Verweerster sub 2 heeft bezwaar tegen de door verzoeker voorgestelde vraagstelling. Uiterst subsidiair verzoekt verweerster sub 1 de rechtbank om, indien wordt overgegaan tot benoeming van een psychiater als deskundige, in geen geval wordt gekozen voor benoeming van de door verzoeker voorgestelde persoon, nu er reeds contact is geweest tussen die deskundige en de medisch adviseur van verzoeker.
4. De beoordeling
Partijen hebben reeds voorafgaand aan dit verzoek gezamenlijk door een cardioloog een deskundigenrapport laten opstellen, waarbij overeenstemming bestond over de persoon van de deskundige en over de aan hem voor te leggen vraagstelling.
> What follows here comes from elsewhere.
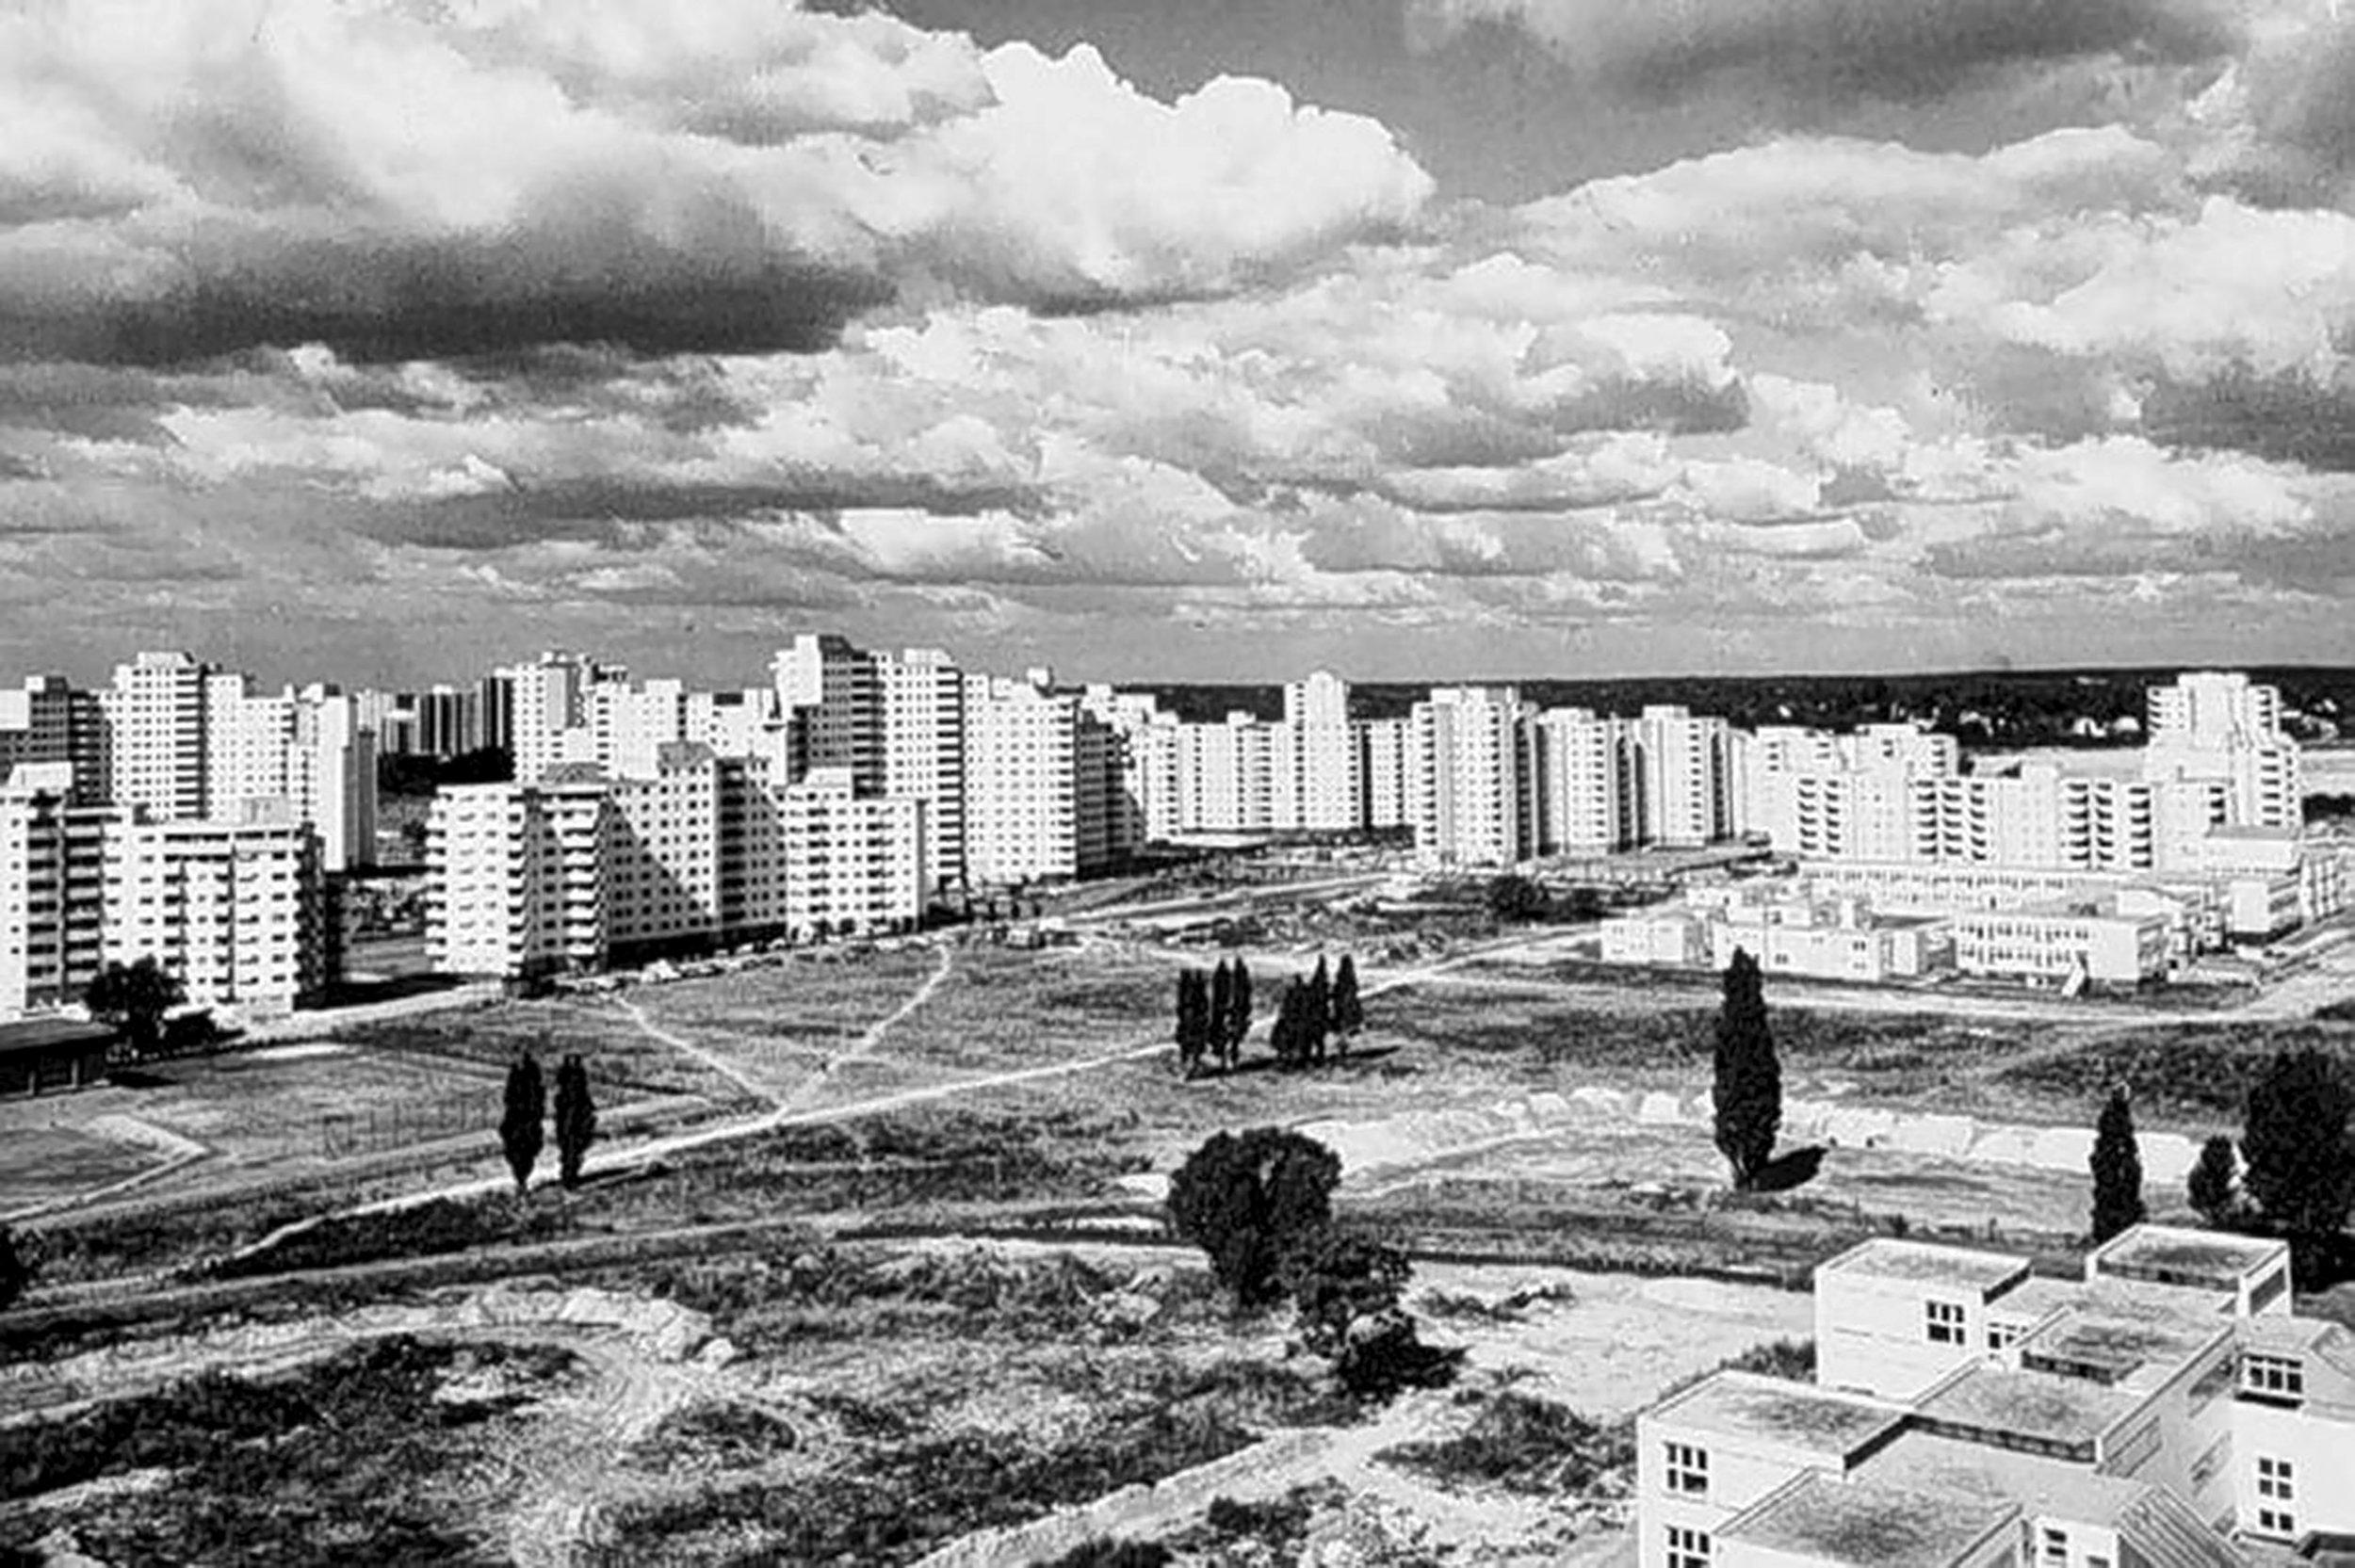 Bostadsmarknaden inte bara kan handla om kvantiteter. Här är en bild över Gropiusstadt, ett storskaligt bostadsområde i Berlin.

Omdat verzoeker zich niet kan verenigen met de uitkomst van dit rapport, verzoekt hij de rechtbank nu om een voorlopig deskundigenonderzoek door een psychiater te gelasten. Ter zitting heeft verzoeker gepersisteerd bij zijn verzoek om niet een andere cardioloog, maar juist een psychiater te benoemen. De te benoemen psychiater zou naar de mening van verzoeker moeten oordelen over de kwaliteit van de medische behandeling die verzoeker heeft ondergaan, meer in het bijzonder de controle op de lithiumspiegel die volgens verzoeker had moeten plaatsvinden. De maatstaf voor beoordeling van het handelen van een arts is de zorgvuldigheid die van een redelijk bekwaam en redelijk handelend vakgenoot in gelijke omstandigheden mag worden verwacht. Nu de medische behandelingen van verzoeker zijn verricht door cardiologen, is de rechtbank van oordeel dat een psychiater vanuit zijn eigen specialisme niet kan beoordelen of er door de behandelend cardiologen vanuit hun specialisme lege artis is gehandeld. Dit brengt mee dat het verzochte voorlopig deskundigenonderzoek niet kan bijdragen aan de beslissing in het tussen partijen bestaande geschil. Het verzoek zal dan ook worden afgewezen.
4. De beslissing
De rechtbank:
wijst het verzoek af.
Deze beschikking is gegeven door mr. Adang, vice-president, en uitgesproken ter openbare terechtzitting van de rechtbank voornoemd van 14 november 2003, in tegenwoordigheid van de griffier.